Twenty-one published studies and 19 unpublished studies were included; the total number of participants was 1,953. These studies provided 51 treatment versus control comparisons.
The overall pooled analysis (mean d=0.67) included 173 effect sizes, generated from 40 studies of all relevant measures and comparisons. Since the value was in the medium range it indicated that the average child receiving CBT would be in the lower quartile of the nontreated group. However, there was evidence of statistical heterogeneity (Q=250.42, d.f.=172, P<0.0001). The effect sizes by domain of measurement, source of information and treatment type varied from 0.63 to 0.73, -0.07 to 0.69 and 0.36 to 0.79, respectively; skills training and multimodal interventions were the most effective treatment types. It was also found that feedback, modelling and homework assignments were all statistically positively related to the overall effect size (Spearman rank-order correlation, rho=0.55, P<0.001; rho=0.46, P<0.001; rho=0.31, P<0.05, respectively).

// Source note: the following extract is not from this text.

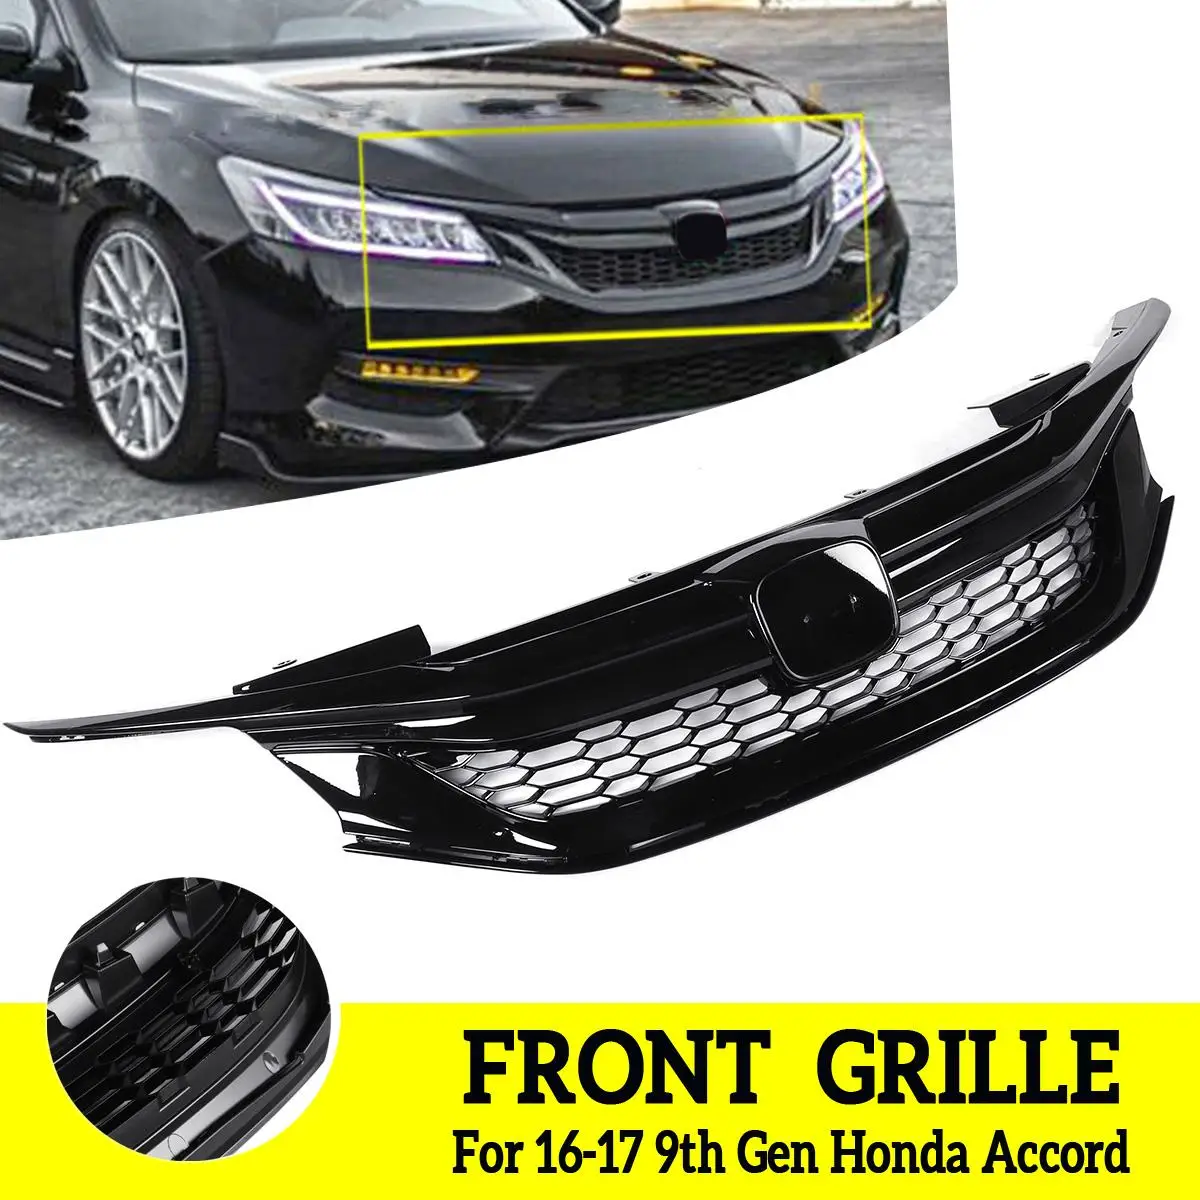 

Front Grille Front Bumper Hood High Quality ABS Car Styling Grille Replacement For Honda Accord 16-17 9th Gen Auto Accessories

Results of the tests of inter-observer agreement levels ranged from 0.87 to 0.51 for treatment type, problem severity and treatment integrity.
Using a 'small effect' value of 0.20 in the fail-safe N calculations, the authors anticipated that an extra 117 studies with small effect size would be required to reduce the overall d-value to 0.20.
There was no significant difference in the overall effect size between published and unpublished studies (d=0.64 and d=0.70, respectively, P<0.59).
Randomisation, rater blinding and treatment integrity were found not to be significantly related to the magnitude of the effect size.